I've seen float switches get stuck and I've seen float valves corrode.

I suggest a PVC float valve, check the float switch frequently and have a flood alarm sitting on the floor! Personally, I would not try that... unless this was in a basement with cement floors, but that's just my paranoia kicking in.


----------



## Mcdaphnia (Dec 16, 2003)

Number6 said:


> I've seen float switches get stuck and I've seen float valves corrode.
> 
> I suggest a PVC float valve, check the float switch frequently and have a flood alarm sitting on the floor! Personally, I would not try that... unless this was in a basement with cement floors, but that's just my paranoia kicking in.

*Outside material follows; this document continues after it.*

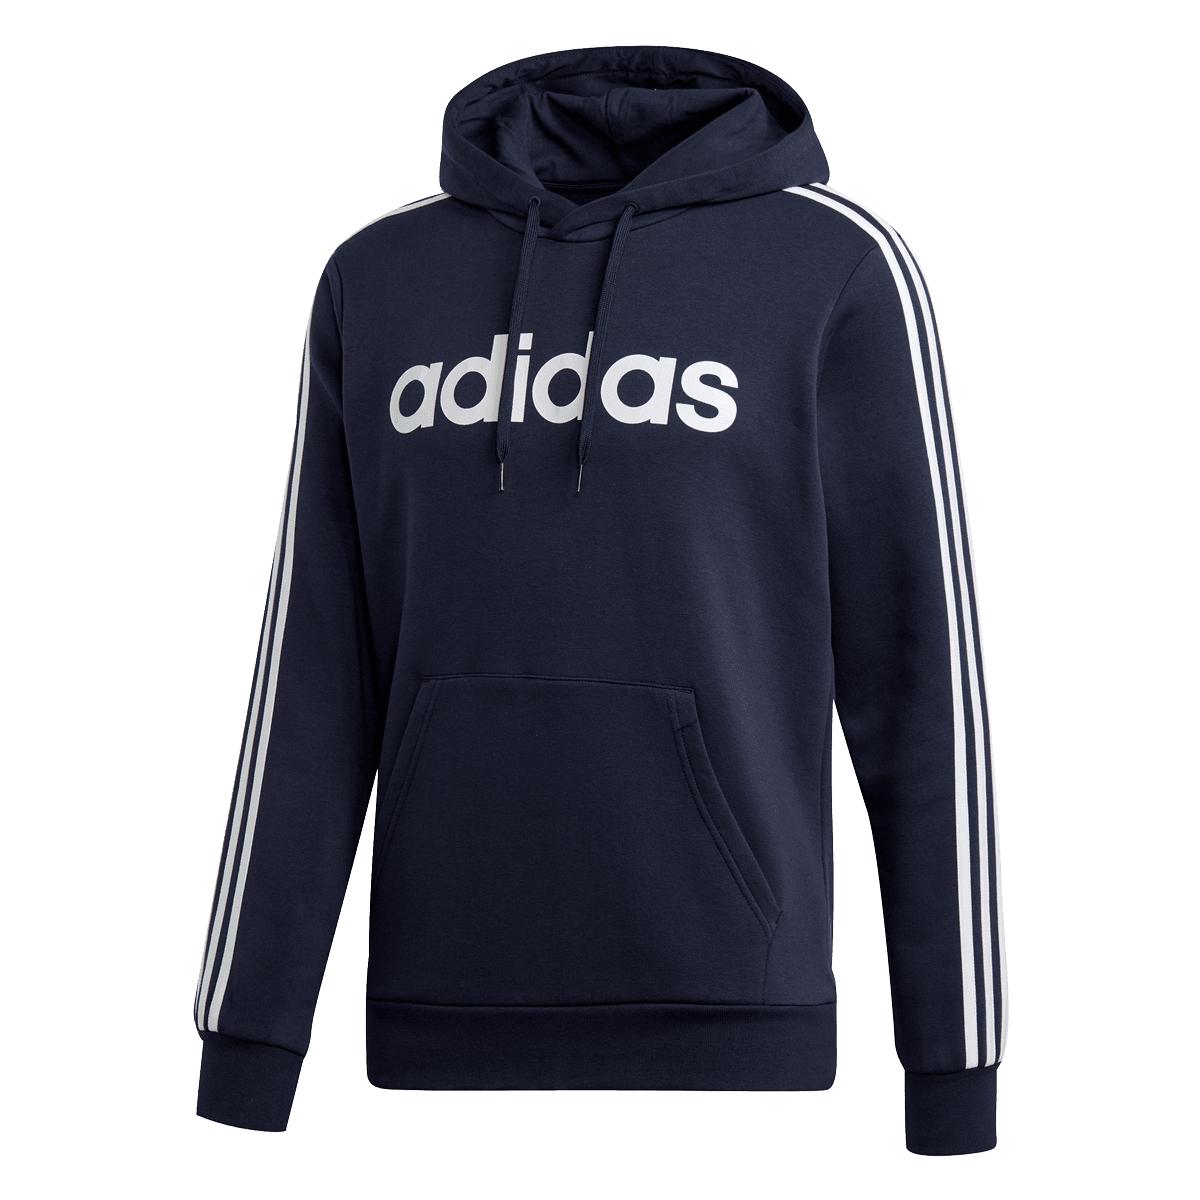 Adidas Essentials 3-Stripes Hoodie

 You are not paranoid. The reef boards have people with this kind of set up from a RO unit instead of direct from the tap. That actually reduces the scope of a possible problem but the threads are full of them anyway.


----------



## fishwolfe (Mar 27, 2005)

well its not a basement its my rec room/mini fish room.i guess I'll keep lugging buckets.or i'll switch out the faucet in the bathroom to accept a python.


----------



## kornphlake (Feb 12, 2004)

You could install an overflow in the tub in case the float valve got stuck on it wouldn't spill all over the floor. You could plumb the overflow to a drain or attach a hose so it would direct the water out across your driveway or some other place you'd notice it (I'd likely not notice water flowing across my driveway during the monsoon season, but it sure would grab my attention in July.)

See if you can get a hold of Roland (angelman) over on GPAS.org, I'm pretty sure he's got a water change system on his central filtration.


----------



## fishwolfe (Mar 27, 2005)

thanks korn.i'll shoot him a pm.maybe i'll just plumb in a drain and faucet right in my room.i think the landlord wont care :wink:


----------